[Spambayes] Proposing to remove 4 combining schemes

Rob W. W. Hooft rob@hooft.net
Thu Oct 17 15:12:06 2002


Sean True wrote:
> I hate to try to speak for Joe User (like speaking for the "common man",
> always a red flag), but I _am_ just a user of these scoring schemes. I have
> several hundred messages (commercial email) tucked away in a folder that
> score in the non-chi scheme in the range .4 to .6. That score appears to
> reflect my own real uncertainty about the value of Motley Fool newsletters.
> No snickering, please. A system like chi- looks like a very good choice for
> black and white, upstream discards offers to increase body part size.
> 
> But I don't want these messages automatically discarded upstream, I want
> them labelled so that I can deal with them more efficiently.
> 
> When I sort this particular folder by spam score, I get MIT club and
> Infoworld newsletters at the the beginning (the good end), and the Motley
> Fool and Edgar Online at the other end, with a range of spam score from .2
> to .6 Just right. If I could color them continuously, it would be easy to
> spot the ones I want to read, now. And over time, as I change my definition
> of spam, their position in the list looks like it will vary smoothly -- and
> appropriately.
> 
> This may not fit your original mission statement, but mission statements
> often don't survive contact with the enemy, err, customer.

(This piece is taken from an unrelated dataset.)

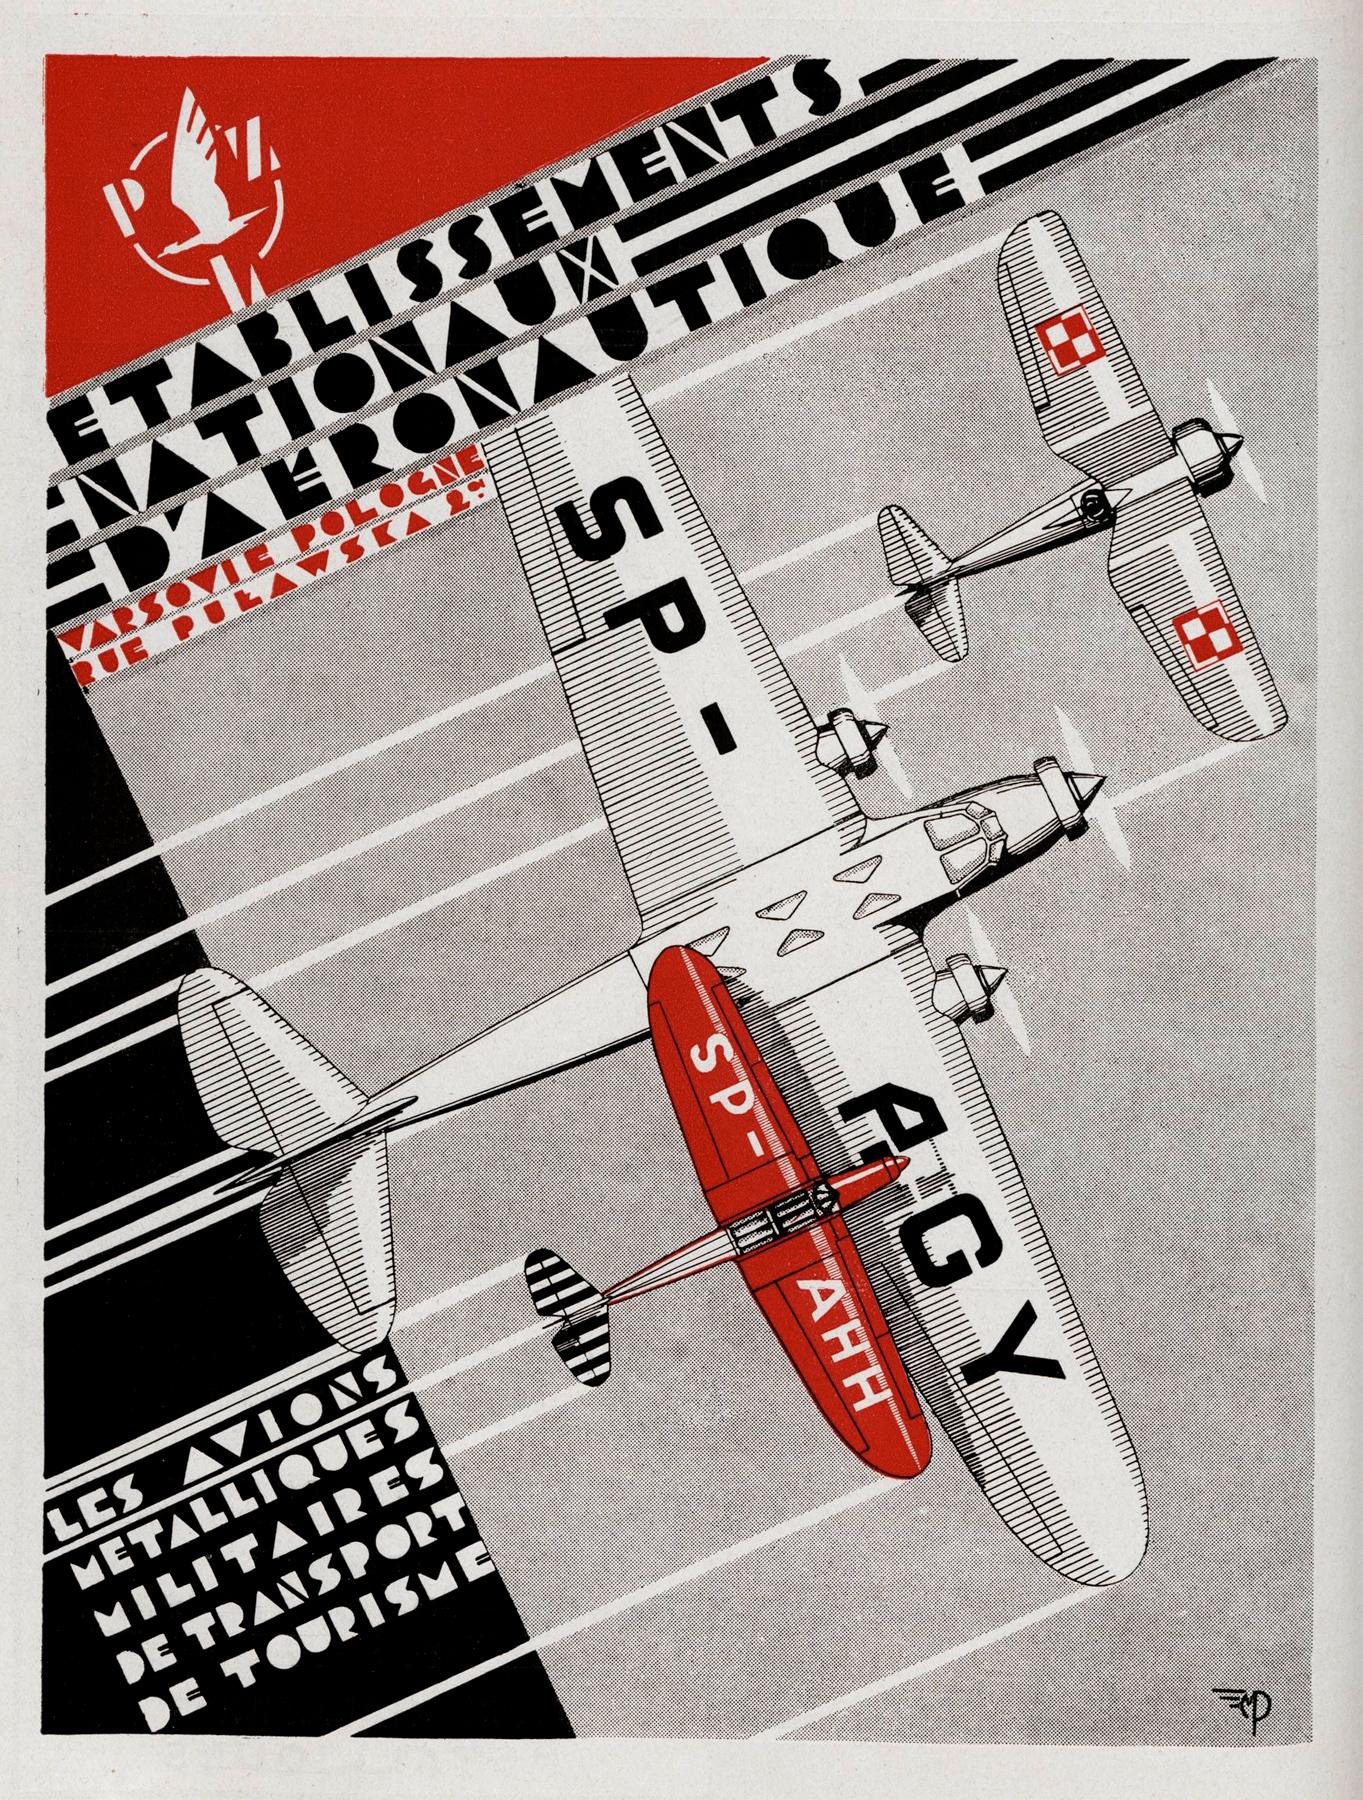 Laeronautique__oct-1933-3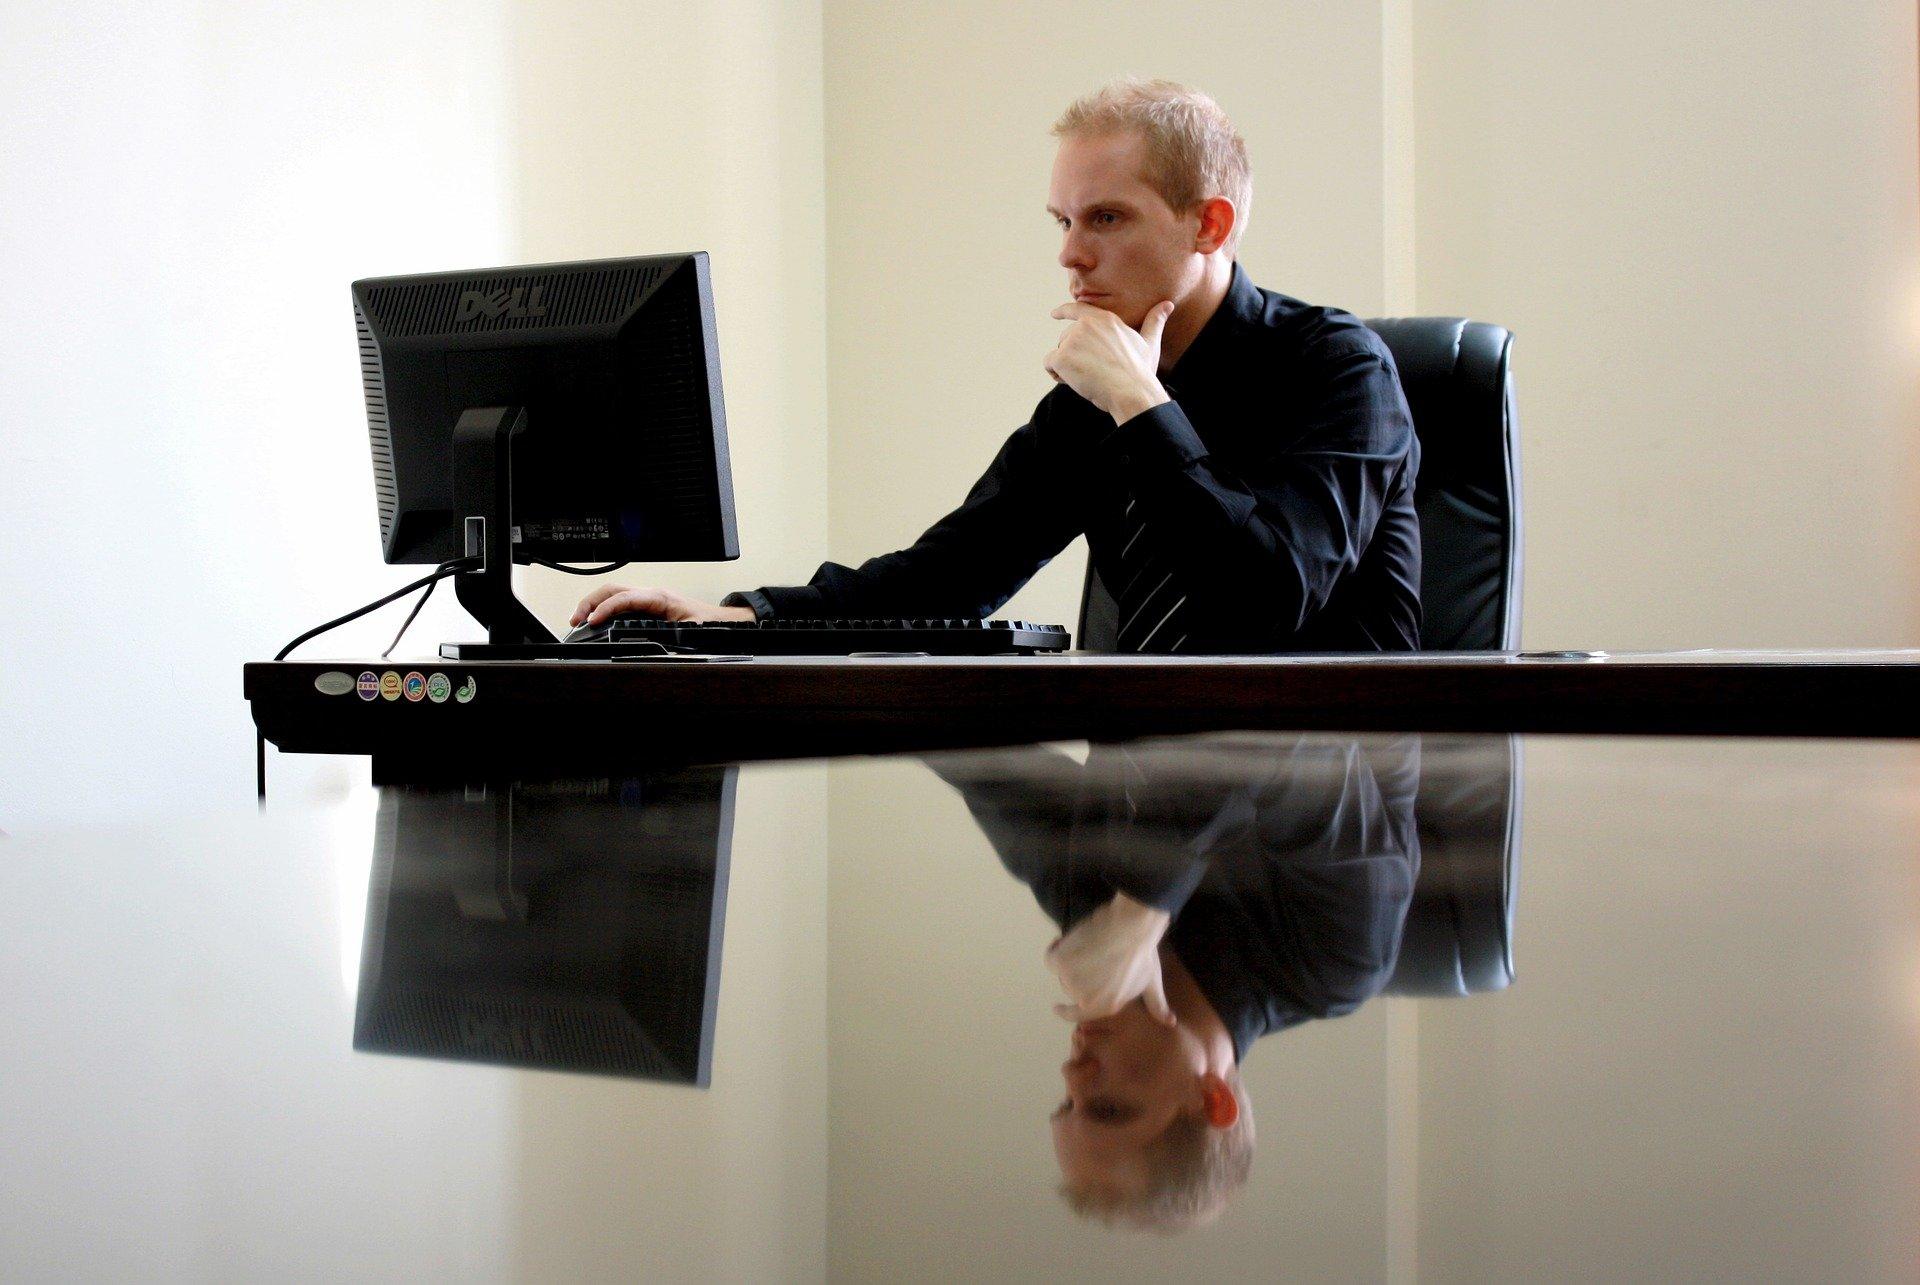 Wirtualne biuro – co to jest i do czego służy?

But I agree 100%! Sorting on the spamminess/hamminess is very useful. 
Coloring on the spamminess/hamminess is very useful. But only in the 
middle ground folder. And the numeric values as such are useless, that 
is MHO. Part of my work is to make "clean" user interfaces, and I am 
allergic to showing things that the user can't do anything with.

I understood the original idea of Tim as that he wanted to see the 
spamminess of clearcut spam and the hamminess of clearcut ham. I don't 
see the point of that, but there would be an easy way to do it: Remap 
the probabilities such that 0->0; hamcutoff->0.33; spamcutoff->0.66; 
1->1 using any monotonic increasing function (e.g. three linear segments).

Rob

-- 
Rob W.W. Hooft  ||  rob@hooft.net  ||  http://www.hooft.net/people/rob/